With routines lasting almost a half an hour each, Grier, Kevin Avery and Kristopher Tinkle offered their audience at Forward Operating Base Loyalty little on the war, the military or Iraq.

Instead the men focused on such universal topics as jobs, relationships and, of course, sex.

Avery, a comic who often opens for comedian Dave Chappelle, moaned about his latest blind date.

“Who am I kidding? It was an Internet date.
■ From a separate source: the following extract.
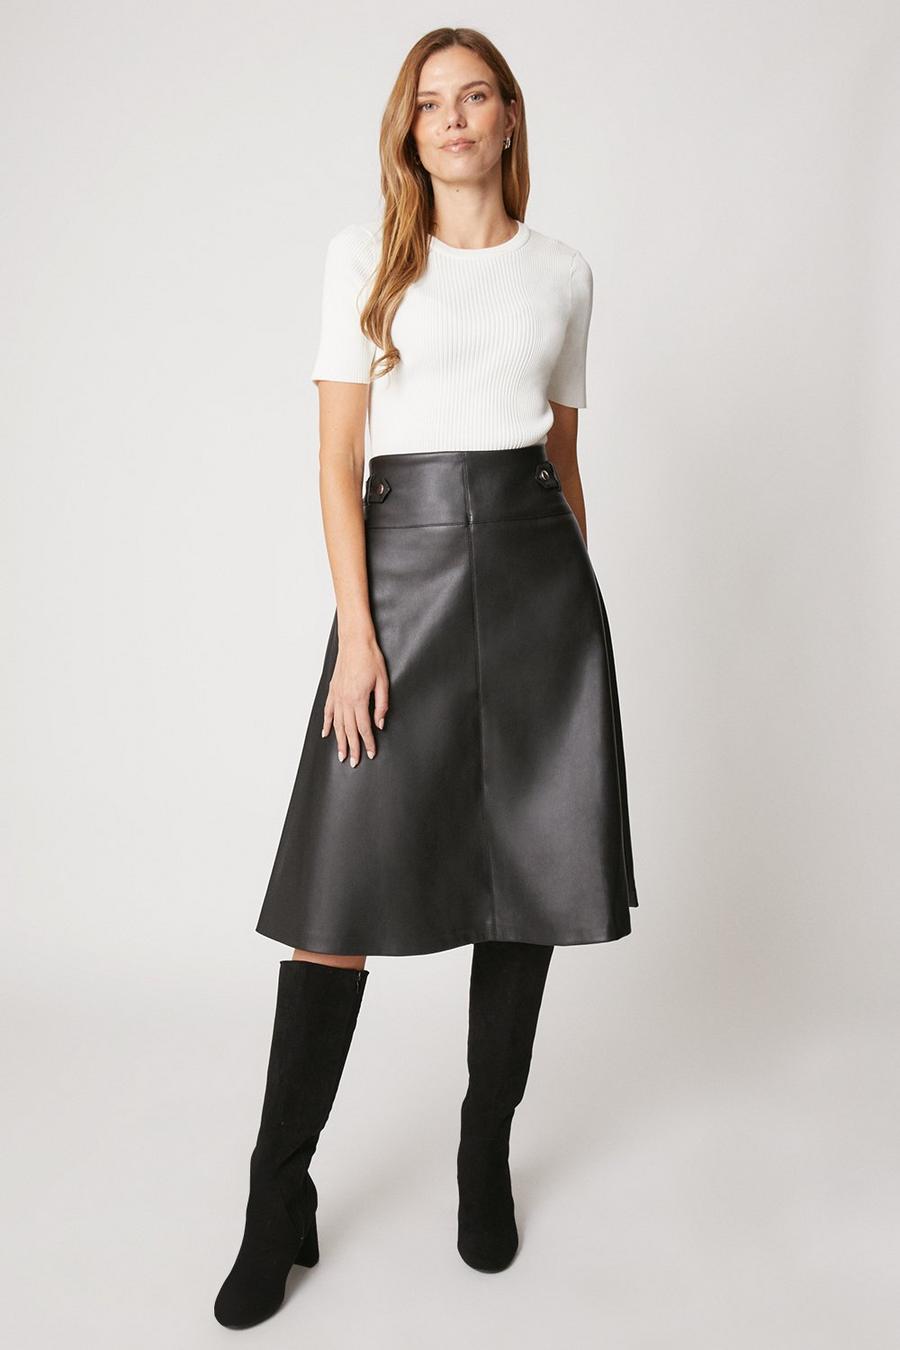 Black Tab Detail Faux Leather A Line Skirt

Let’s call a spade a spade.”

Desperate for conversation, he brought up the Civil War.

“So how did that turn out, anyway?” his date replied.

Tinkle, meanwhile, who was a guest on the Howard Stern Comedy Tour, joked about his “real” job, substitute teaching, and the reactions he gets from kindergarteners when they hear his last name.

Much to the audience’s amusement, Tinkle also deftly handled a persistent heckler, ultimately offering him a universal hand signal that wasn’t a thumbs-up.

But the evening’s headliner was clearly Grier, who opened his act with an unprintable joke about firebrand cleric Muqtada al-Sadr and his choice of Sadr City as a neighborhood.

Grier quickly moved on to a long and physical riff about running the Los Angeles marathon that had some soldiers literally rolling out of their seats with laughter.

He said it took him four hours and 26 minutes, “which means that people were walking faster than I was running at the end of the race.”

However, Grier said, he did train in advance for the big day by joining a running club.

“We worked out, I don’t know, two, three days.”

“The race itself, Grier said, “was exciting for about a mile and a half.”

But after about five miles, “society as we know it began to break down.”

He then mimed runners performing a variety of personal hygiene activities usually confined to private spaces.

“And by mile eight, we ran out of food,” Grier said pathetically. “We were eating fruit from the trees; breaking into houses, stealing the Halloween candy.”

Eventually, despite hitting the dreaded “wall” at mile 20, hallucinating and running backward — all of which he re-enacted — Grier said he did complete the race.

“I started the race the first Saturday in March,” Grier said. “By the time I was done, it was Cinco de Mayo.”

Grier said he volunteered to make the trip, his first to Iraq, and then recruited friends Tinkle and Avery to accompany him.

He said after the show that he wasn’t particularly concerned with the danger.

“The USO hasn’t lost anyone yet,” Grier said.